- Available data:
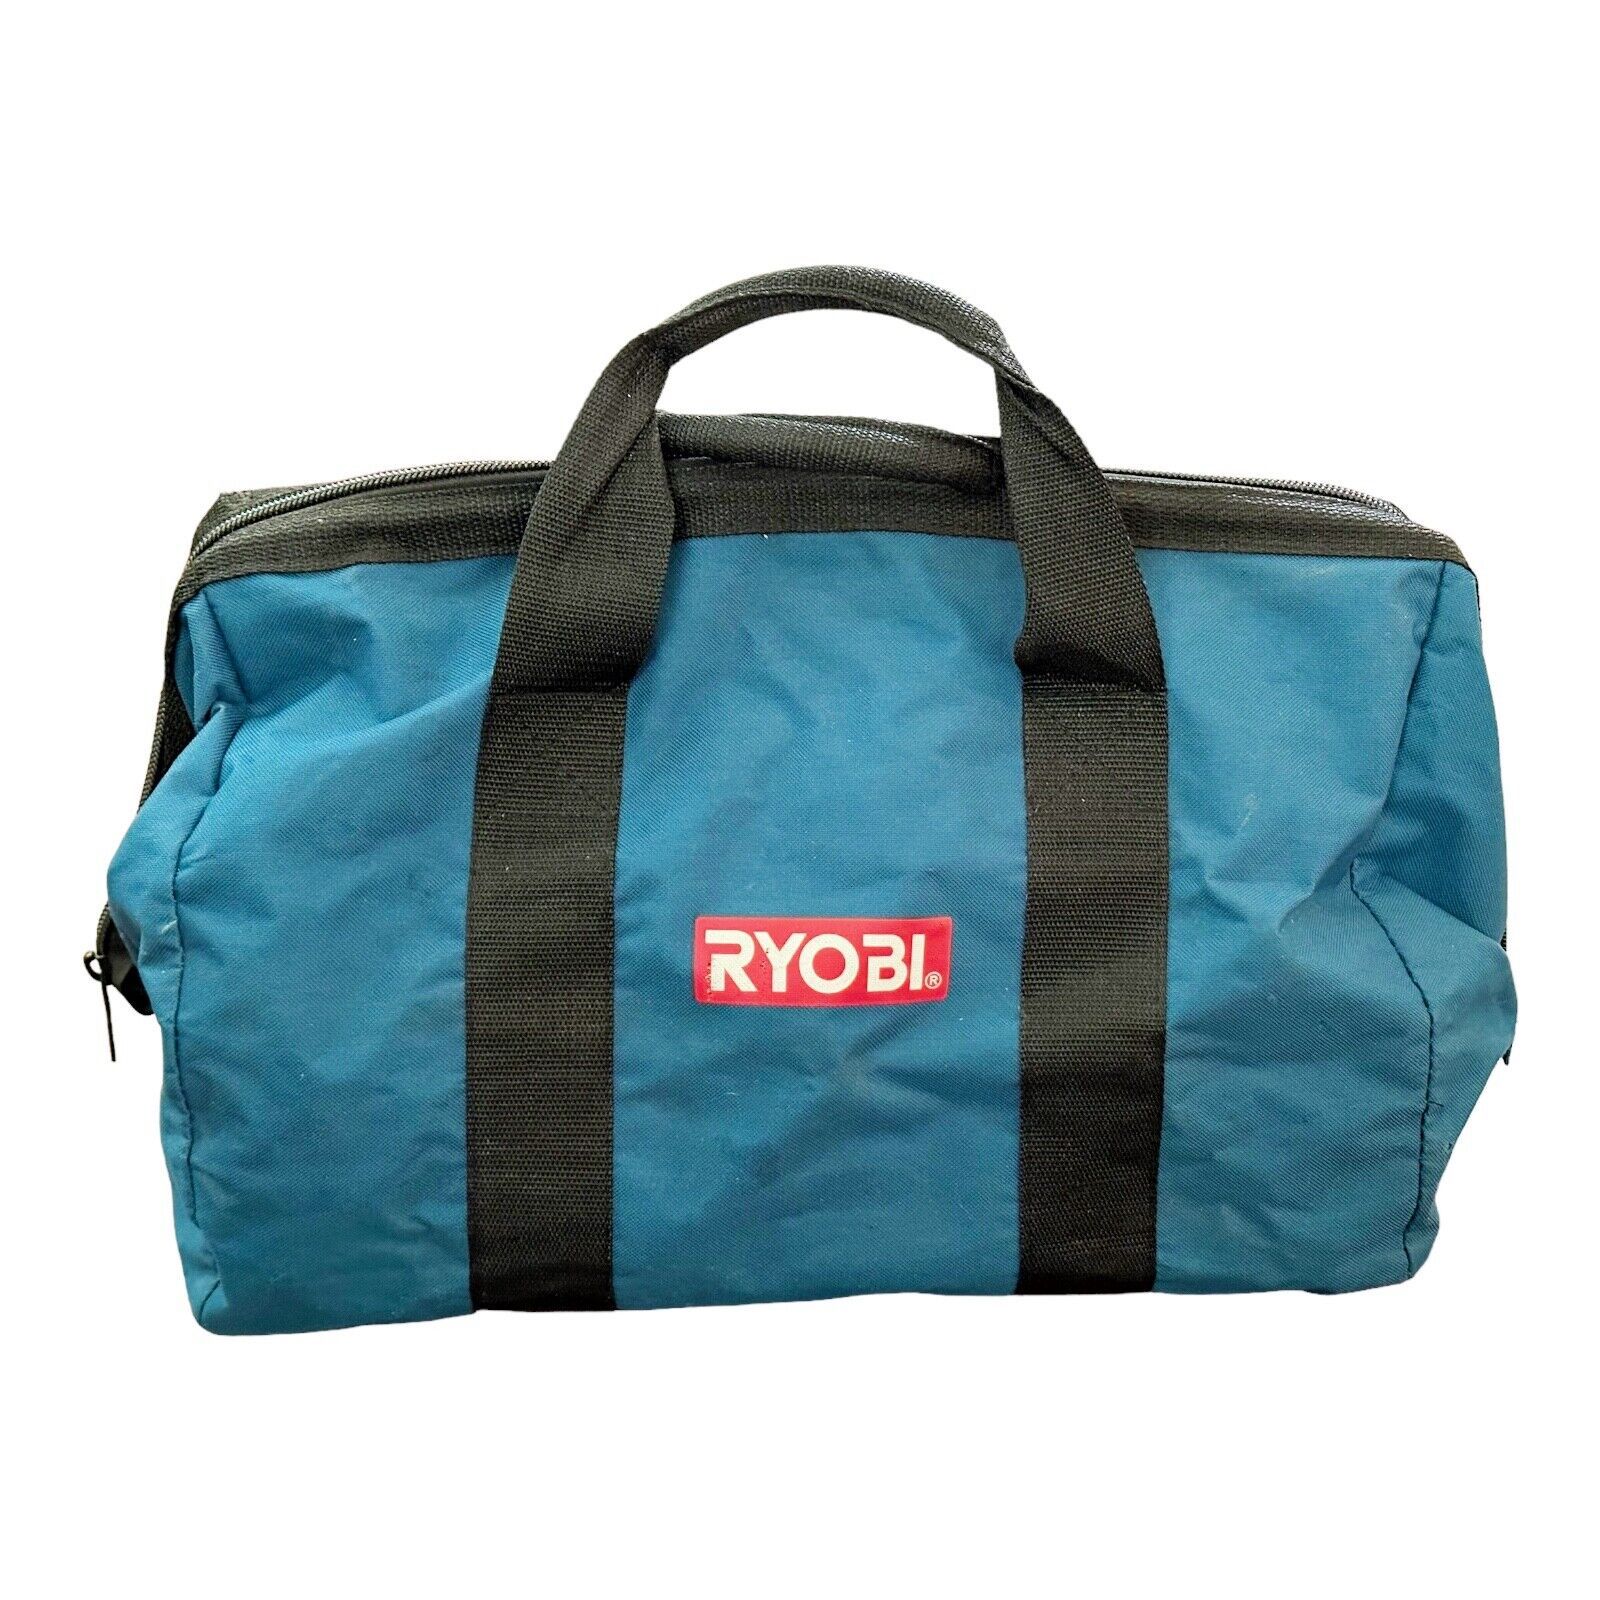 Ryobi Portable Wide-Mouth Collapsible Tool Bag Carry Case Power Tools Blue 18x12 - $19.59
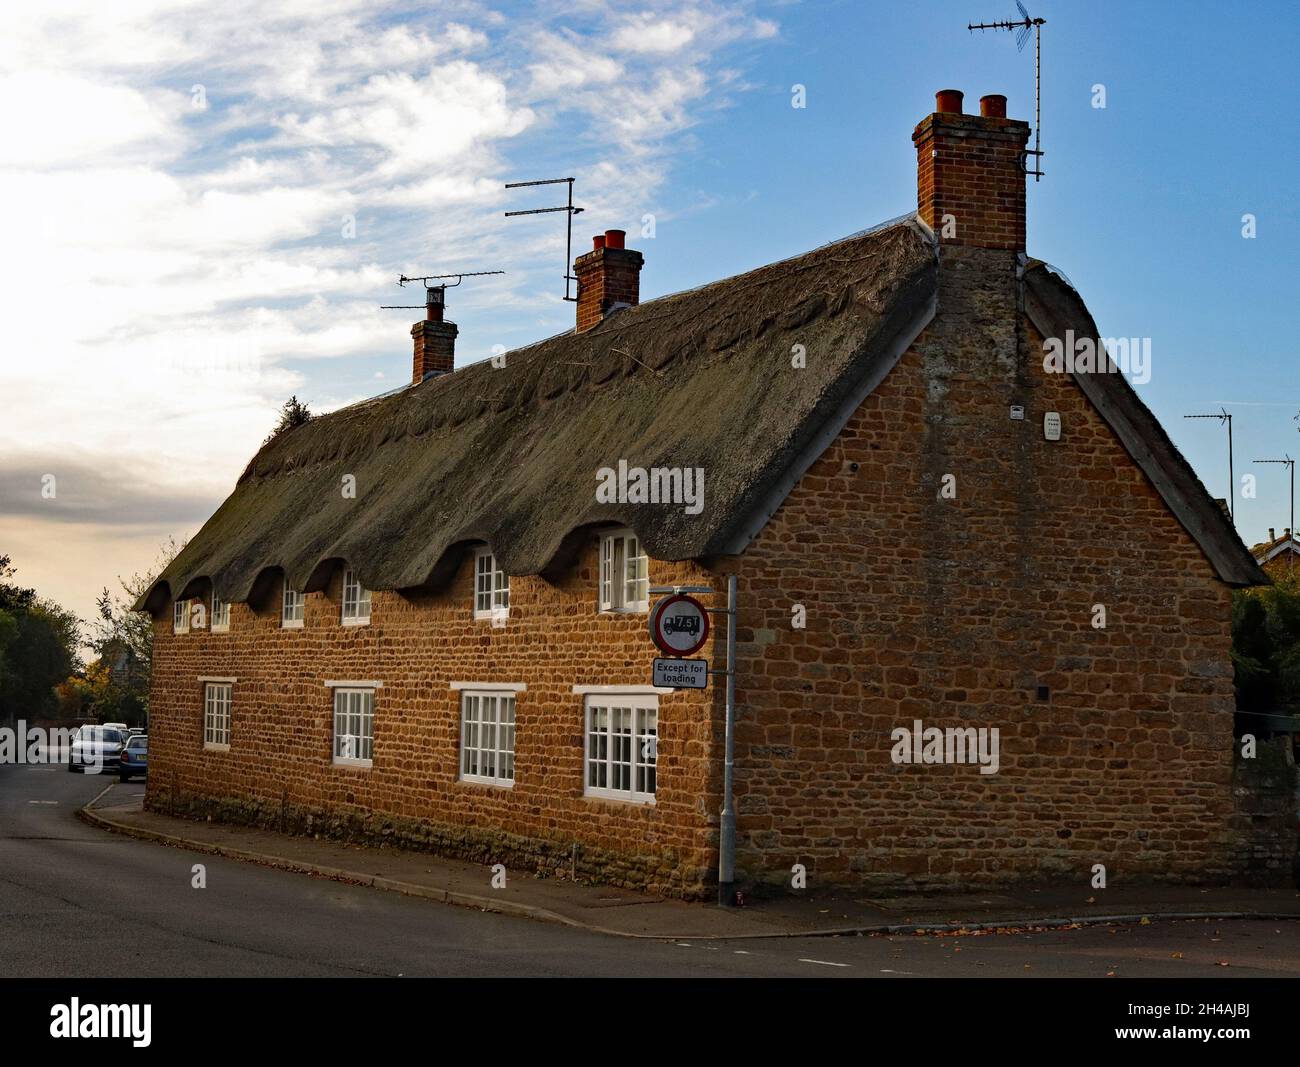 Thatched cottages on the High Street in Ecton, the Northamptonshire ironstone building stones are warmed by the morning sun. Stock Photo
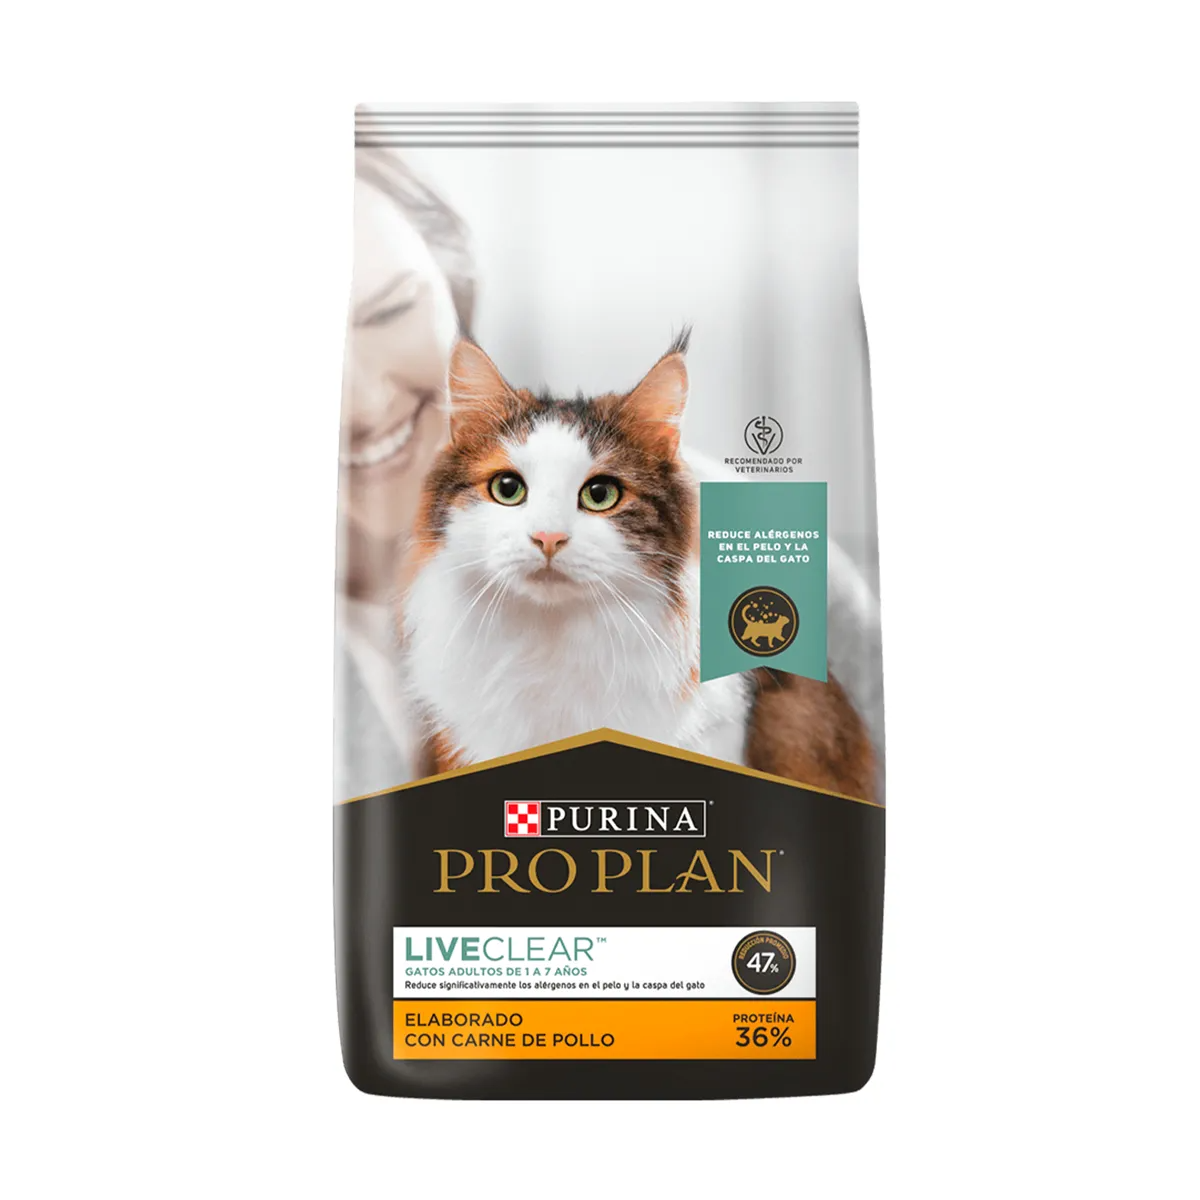 ProPlan-Liveclear-01.png_0.png
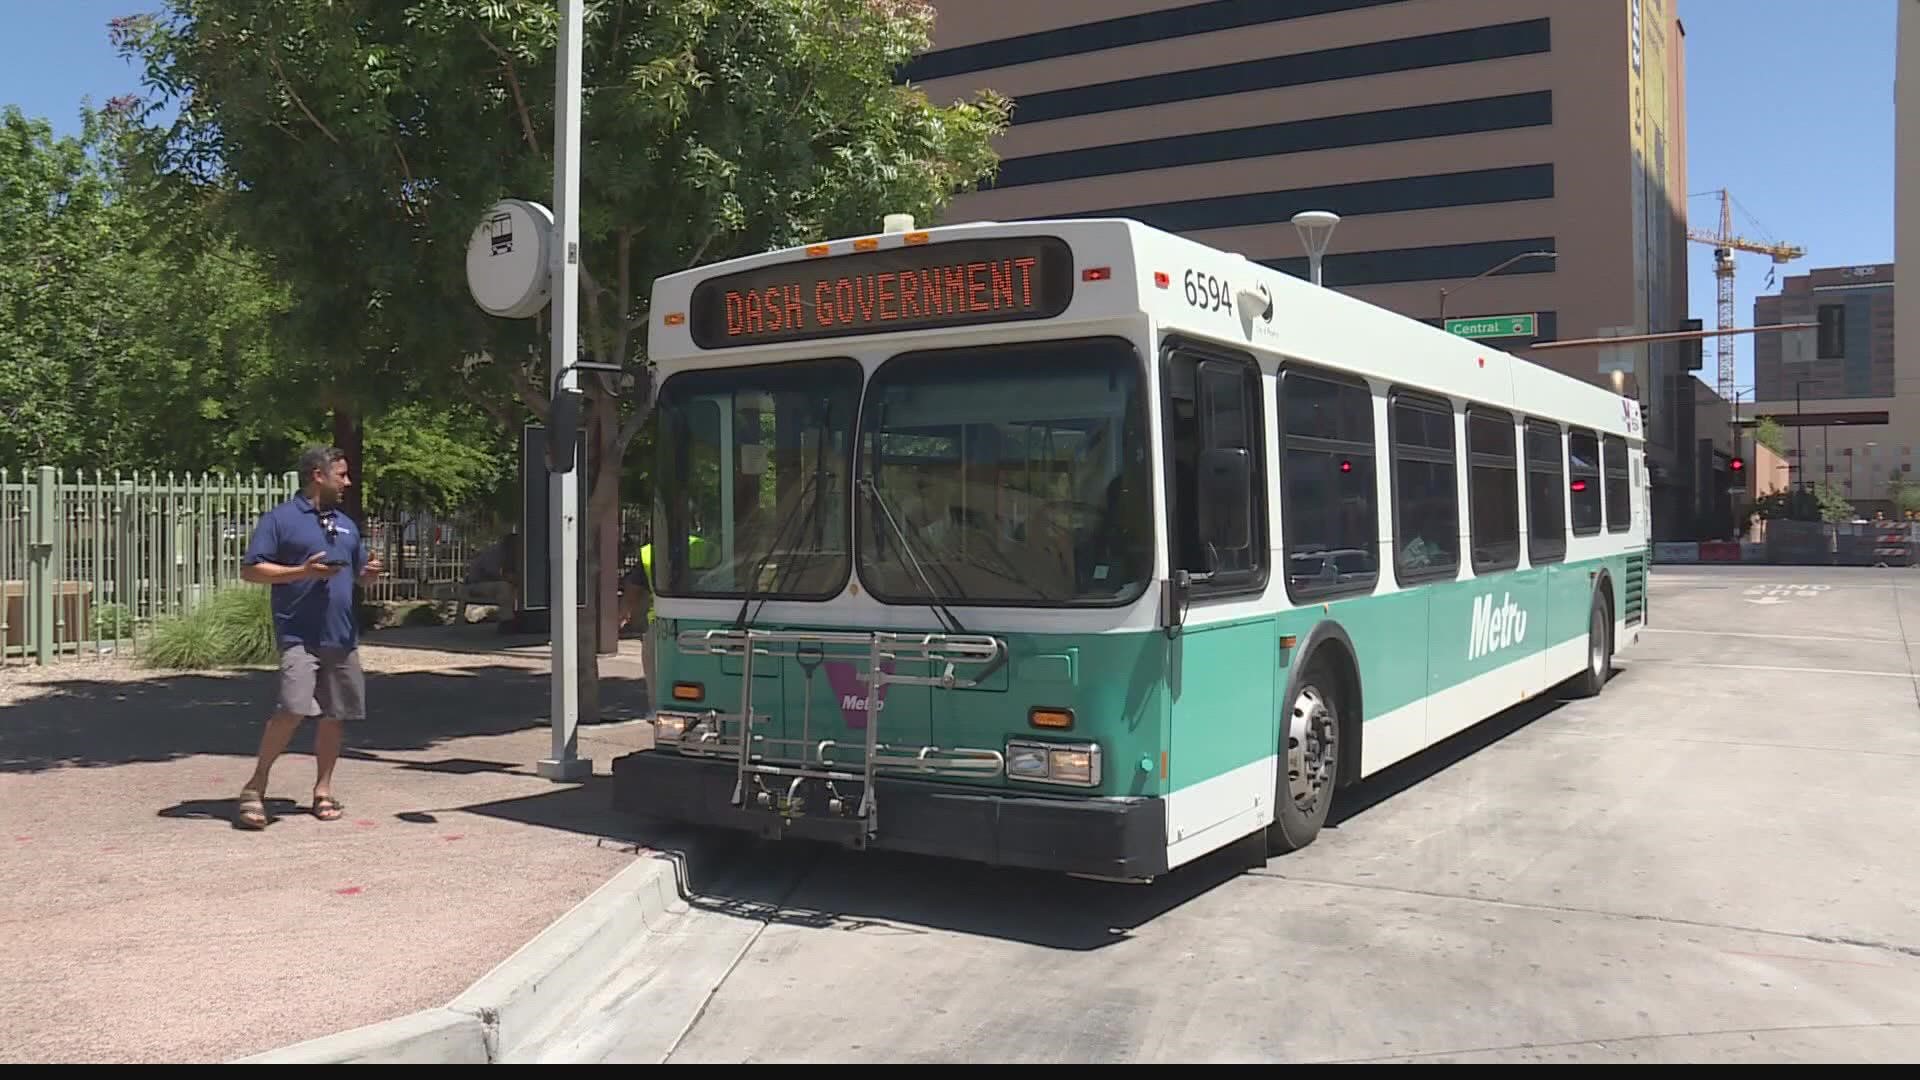 Data from the City of Phoenix shows crime in and around public transportation hit a five-year high in 2021.

- Problem:
Beginning with the line that holds "ProPlan-Liveclear-01.png_0.png", output each line to the end of the material above, exactly, omitting the pictures.

- Solution to this task:
 ProPlan-Liveclear-01.png_0.png
 Data from the City of Phoenix shows crime in and around public transportation hit a five-year high in 2021.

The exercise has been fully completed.